07.21.2005 at 04:47AM PDT, ID: 14492659
> Despite the fact that the file is actually there, the response if $?=1.
this is a know NFS problem, unfortunately
my experiance is that this happens when different processes create and check a file (path) at same time
Is this the case for you?
It's some time ago since I struggled with this, but IIRC the only workaround was to tweak the NFS cachiing option, in particular to switch caching off which is a performance penulty (for obvious reason).
Assisted Solution
 
07.25.2005 at 12:18AM PDT, ID: 14516347
Please post full onconfig and uname -a for Informix problem
Please post uname -a on involved systems for nfs problem
Assisted Solution
 
07.25.2005 at 12:19AM PDT, ID: 14516350
Dont forget onstat -p for informix too.
Assisted Solution
 
07.25.2005 at 02:13PM PDT, ID: 14521947
The way I read it, you've reduced the attribute caching timeout on the client, so attributes will be re-read (getattr) from the NFS server _more_ frequently; Unless you have other NFS clients accessing these files, or the database/application suppliers advise against it, I would go the other way and _increase_ the attribute cache timeouts on the client (at least the ac*max ones) to the default, 60 seconds.

During your next test slot, I suggest you:
- Temporarily disable any other NFS clients
- Experiment with the ac*max timeouts on the client
- If possible, NFS mount as few of the filesystems on the client as possible, to see if you can pin down which filesystems are getting hit most.  I figure you have about 100 files open on the NFS filesystems, each getting their attributes re-checked every 3 seconds; 100 * 60 * 60 *24 /3 is roughly 3 million getattrs each day.
- Try to identify the type of access or times when performance is seen to be poor, e.g. batch reports reading large chunks of data as opposed to small reads/write by onlline users updating individual records.

On the NFS server,  look for network/disk/CPU/memory bottlenecks that might be affecting its performance as an NFS server. Disk caching on the NFS exported filesystems or additional/faster network cards might help.

Further reading:
O'Reilly - Managing NFS and NIS, 2nd Edition - See Chapters 18 and 16:
http://www.hn.edu.cn/book/NetWork/NetworkingBookshelf_2ndEd/nfs/index.htm
Assisted Solution
 
07.31.2005 at 05:24PM PDT, ID: 14566791
Thanks for comments so far. Taking into account all answers. Still waiting on outages for this type of work.
Patience required.... but will be offering these points as soon as a result is achieved.

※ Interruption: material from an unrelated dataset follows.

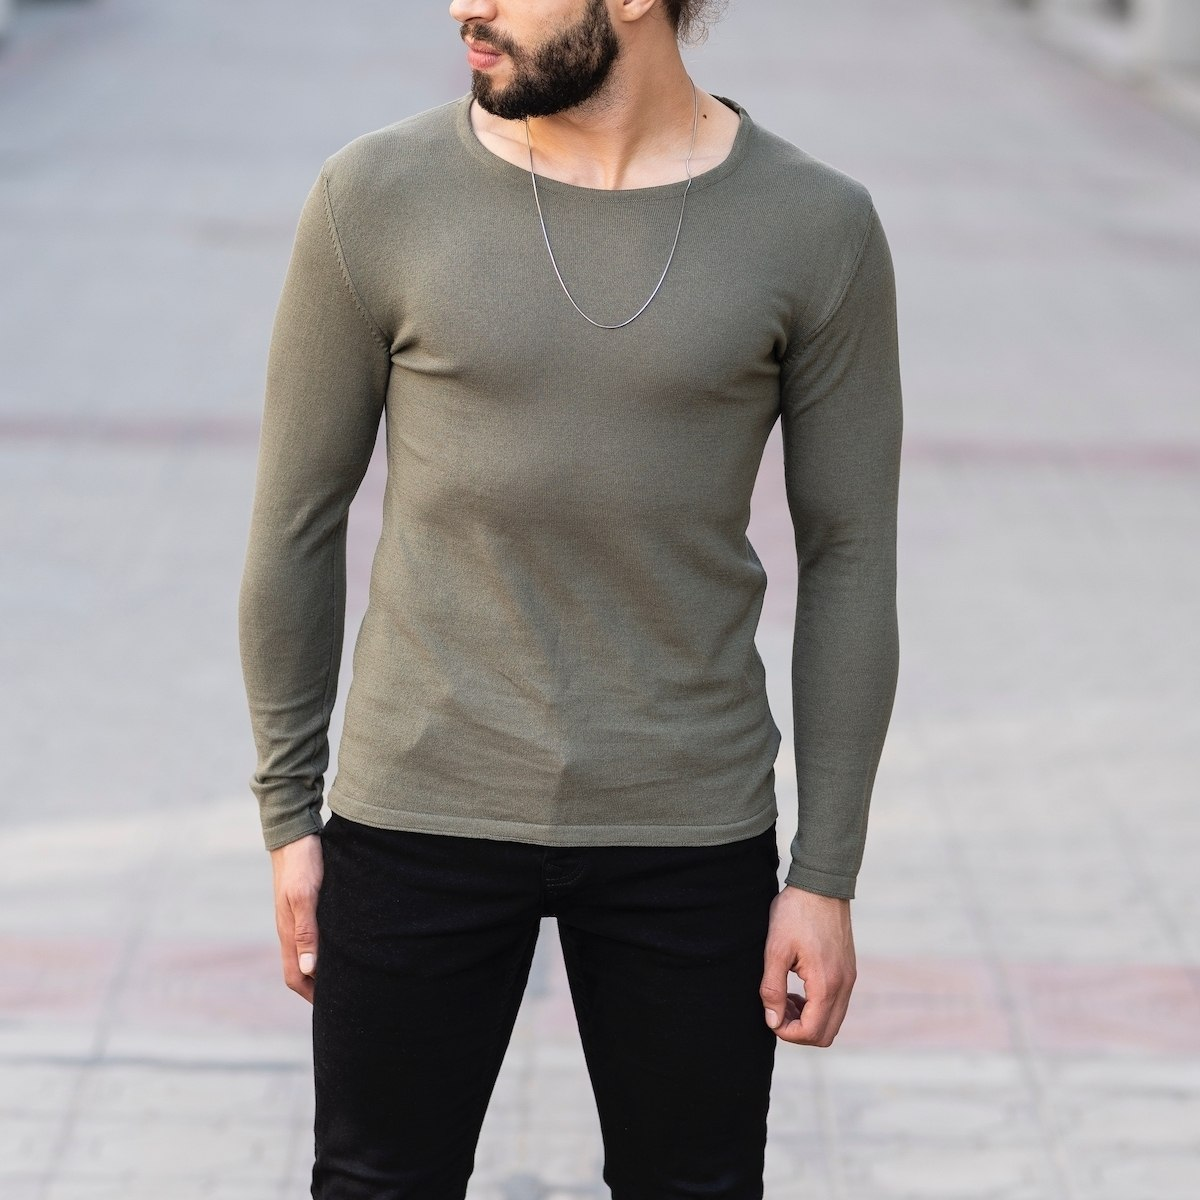 Slim-Fitting Classic Round-Neck Sweater in Khaki Mv Premium Brand - 1
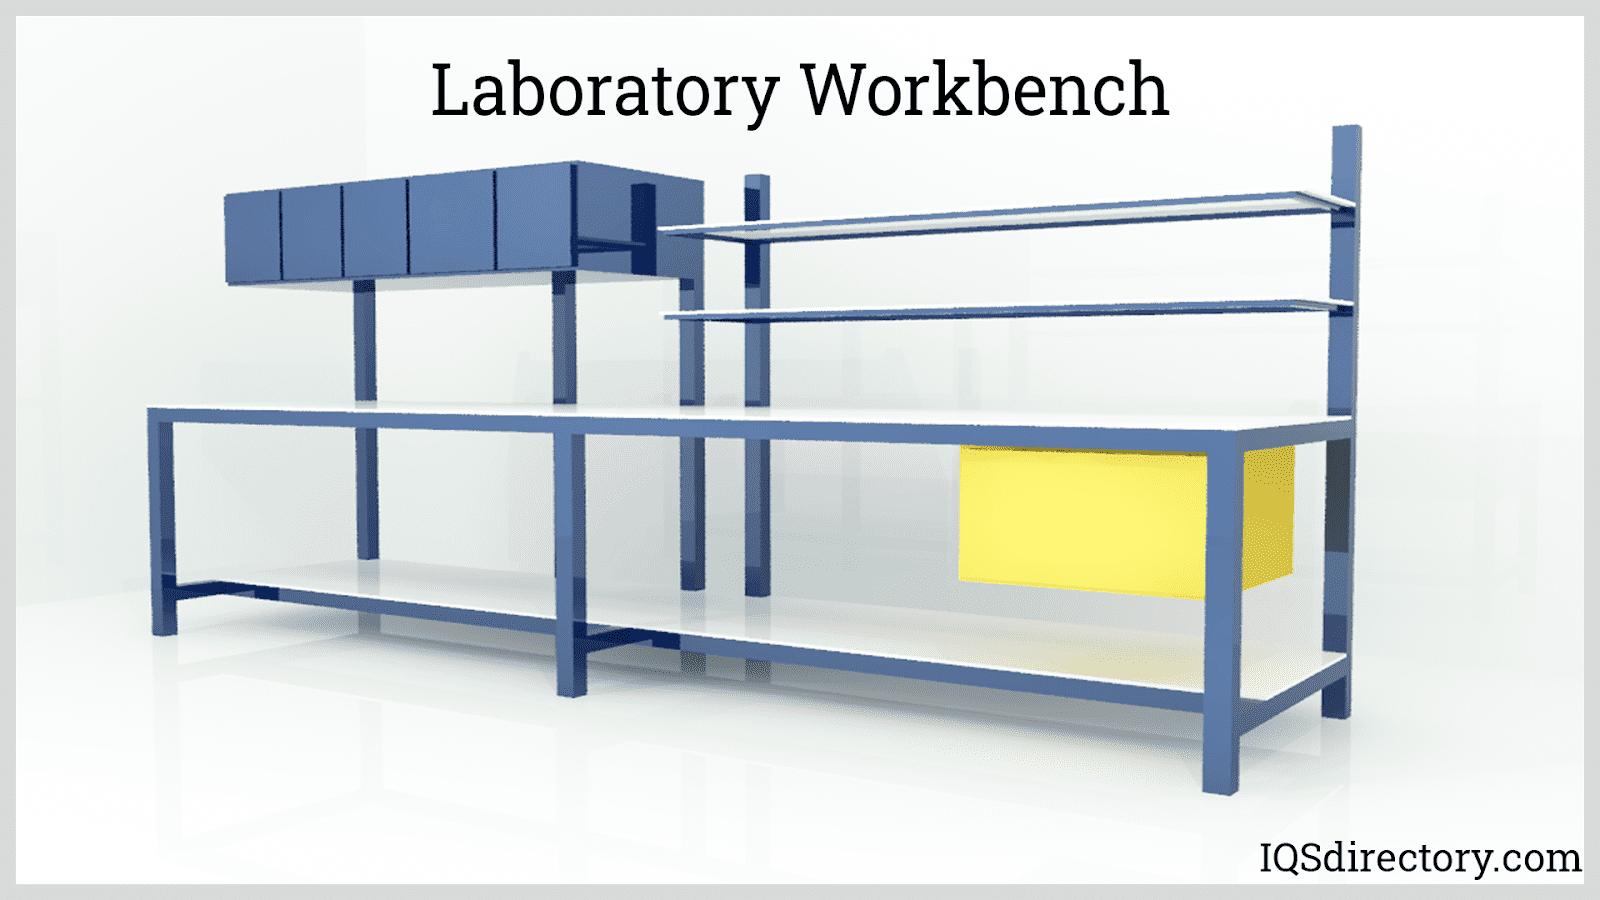 Laboratory Workbench

Increasing points to this question now.
 
07.31.2005 at 09:56PM PDT, ID: 14567541
How do you imagine - you just increase points and everyone gives you full guide for 20+ system types ???

please help out with onstat -p , informix's onconfig file  and uname -a.
Assisted Solution
 
08.18.2005 at 08:58PM PDT, ID: 14706374
Apologies gheist.... not my intention to be tight on points here.
Not expecting any answers overnight either.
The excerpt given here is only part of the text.